** RECORDED INFORMATION follows **

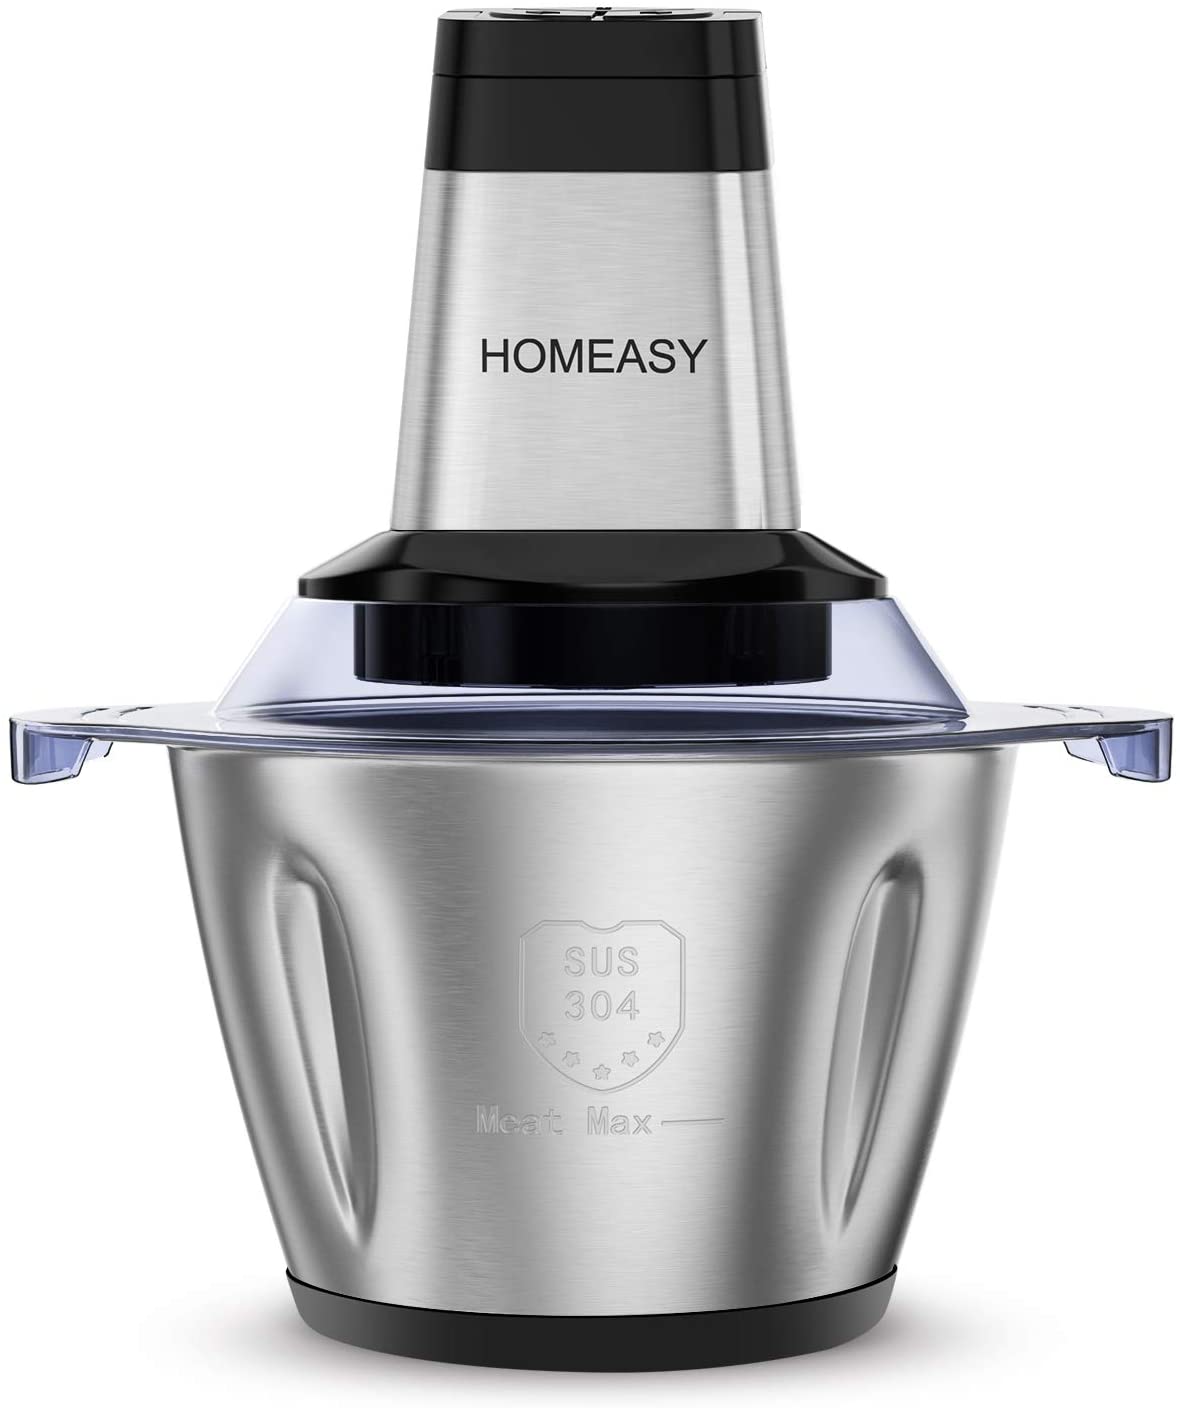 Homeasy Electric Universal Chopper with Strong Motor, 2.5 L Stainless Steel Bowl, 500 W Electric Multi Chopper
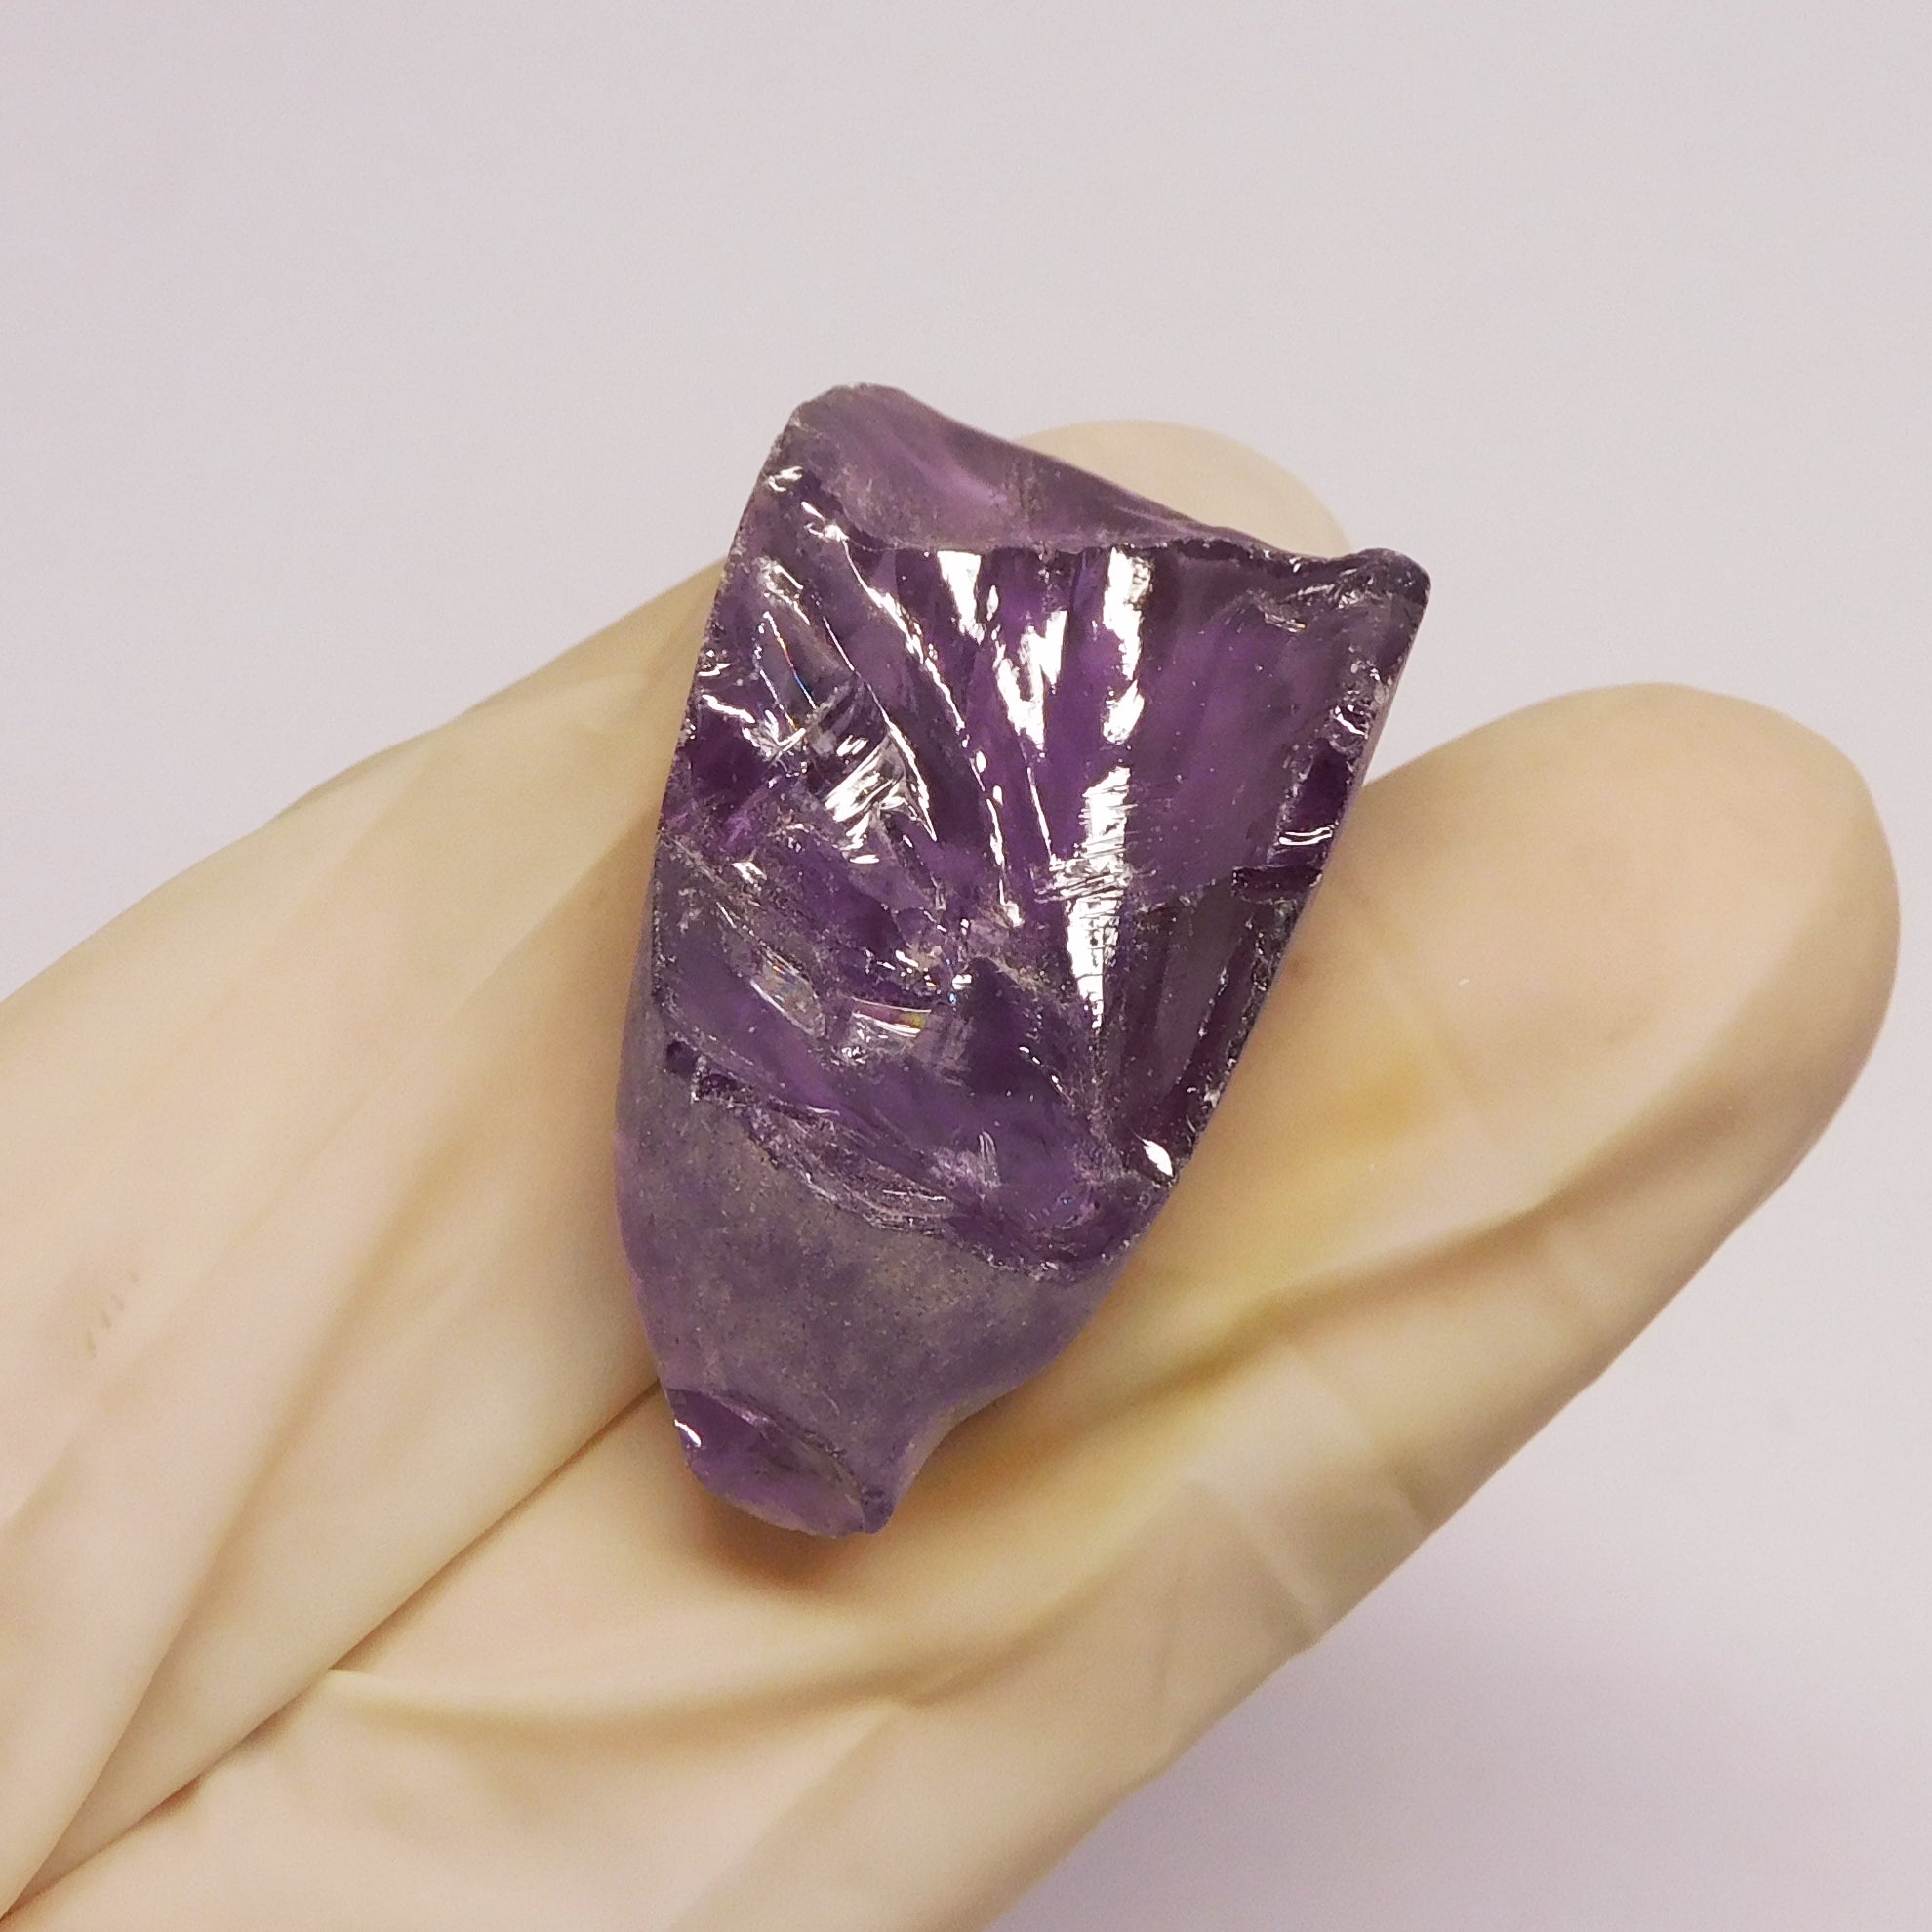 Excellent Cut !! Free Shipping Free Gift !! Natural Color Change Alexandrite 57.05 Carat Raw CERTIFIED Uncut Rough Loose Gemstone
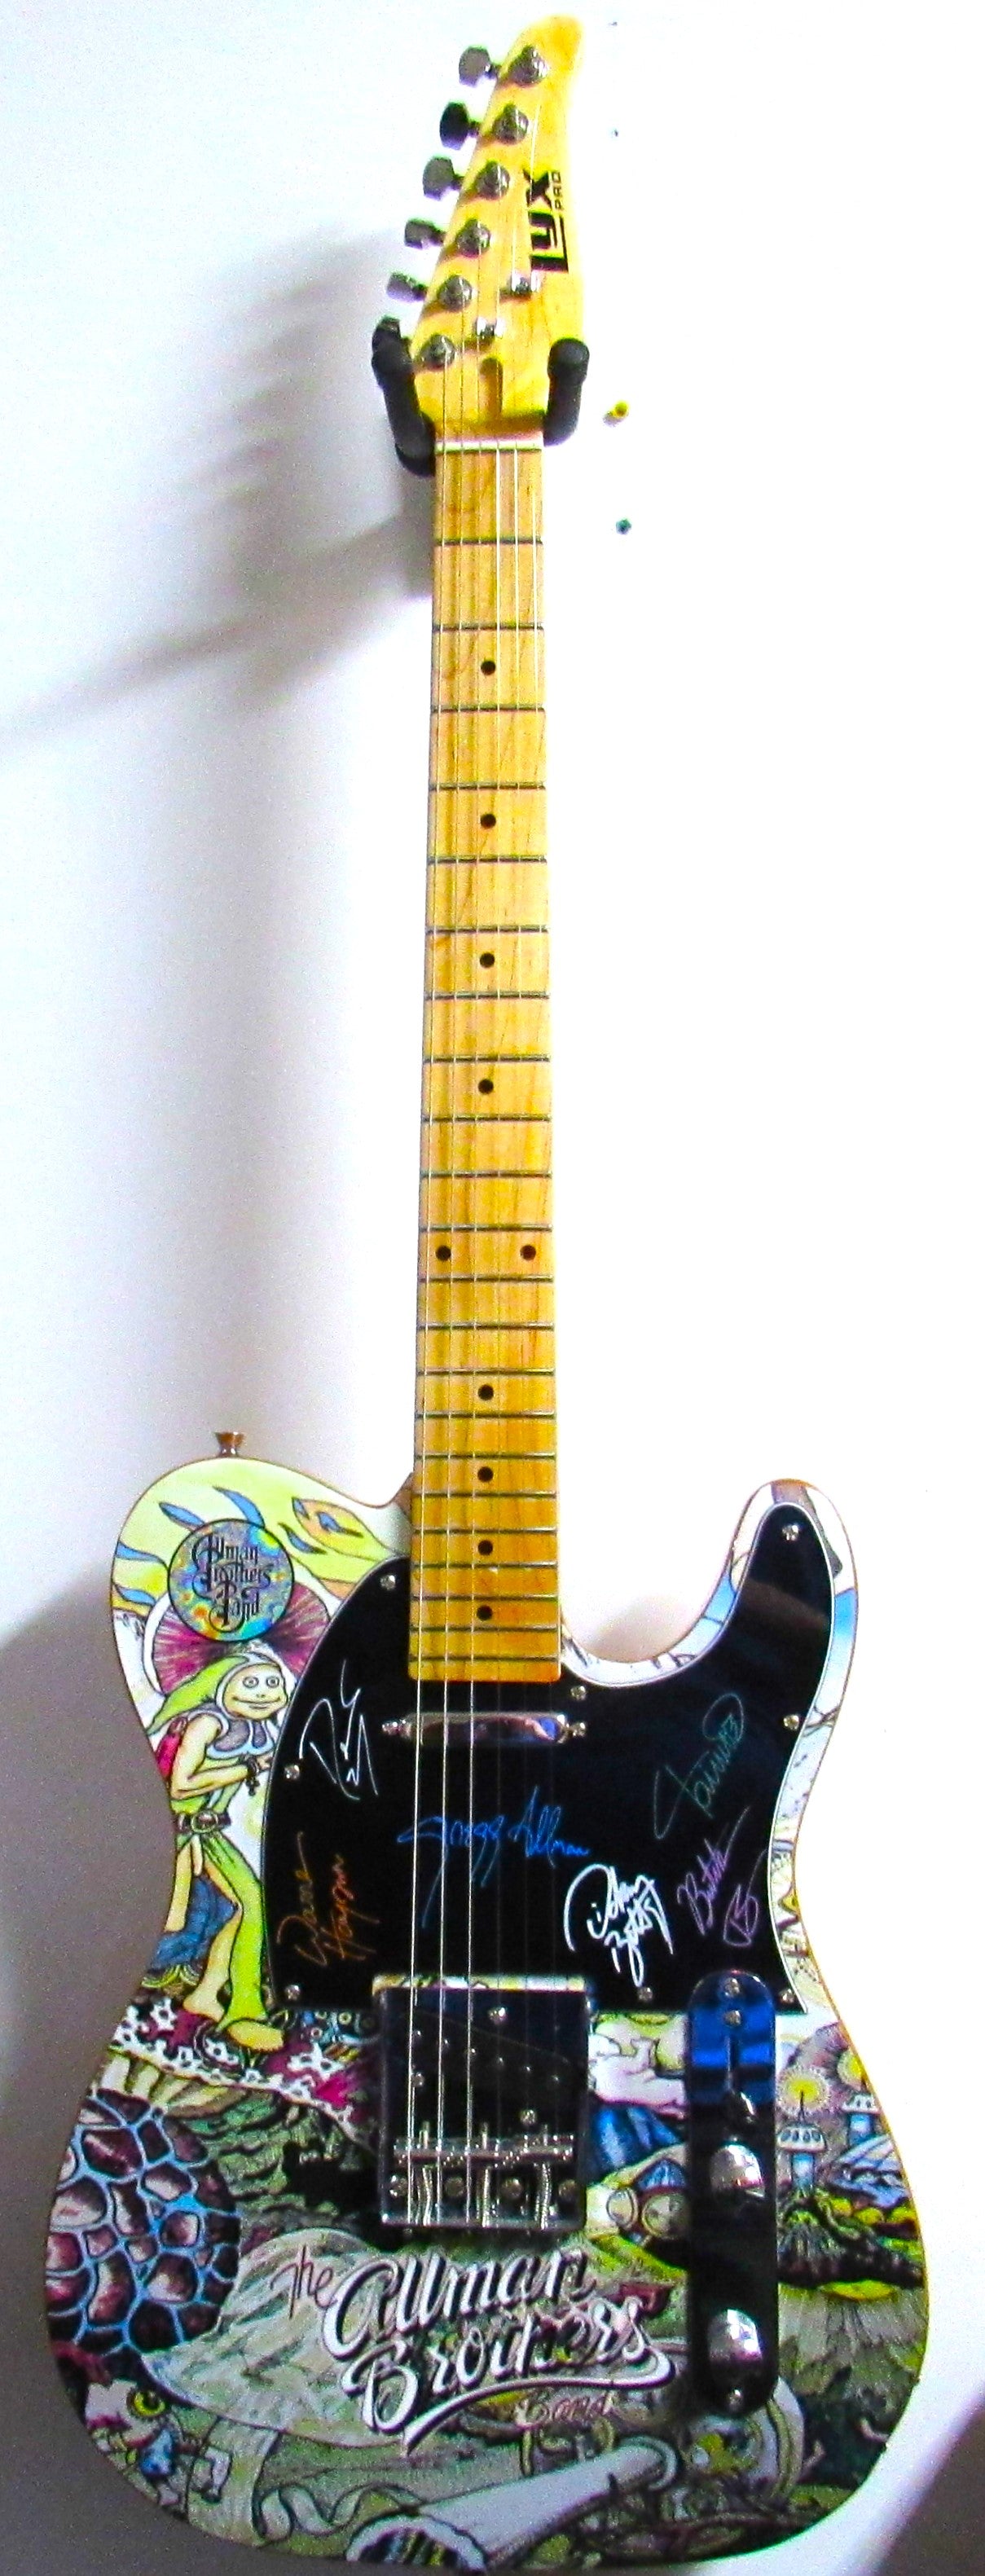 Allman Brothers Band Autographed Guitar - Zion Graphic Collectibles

** End of RECORDED INFORMATION **

* [PROBLEM DESCRIPTION] Repeat the data verbatim, excluding all pictures.

* [SOLUTION FOR THIS EXERCISE]
 Homeasy Electric Universal Chopper with Strong Motor, 2.5 L Stainless Steel Bowl, 500 W Electric Multi Chopper
 Excellent Cut !! Free Shipping Free Gift !! Natural Color Change Alexandrite 57.05 Carat Raw CERTIFIED Uncut Rough Loose Gemstone
 Allman Brothers Band Autographed Guitar - Zion Graphic Collectibles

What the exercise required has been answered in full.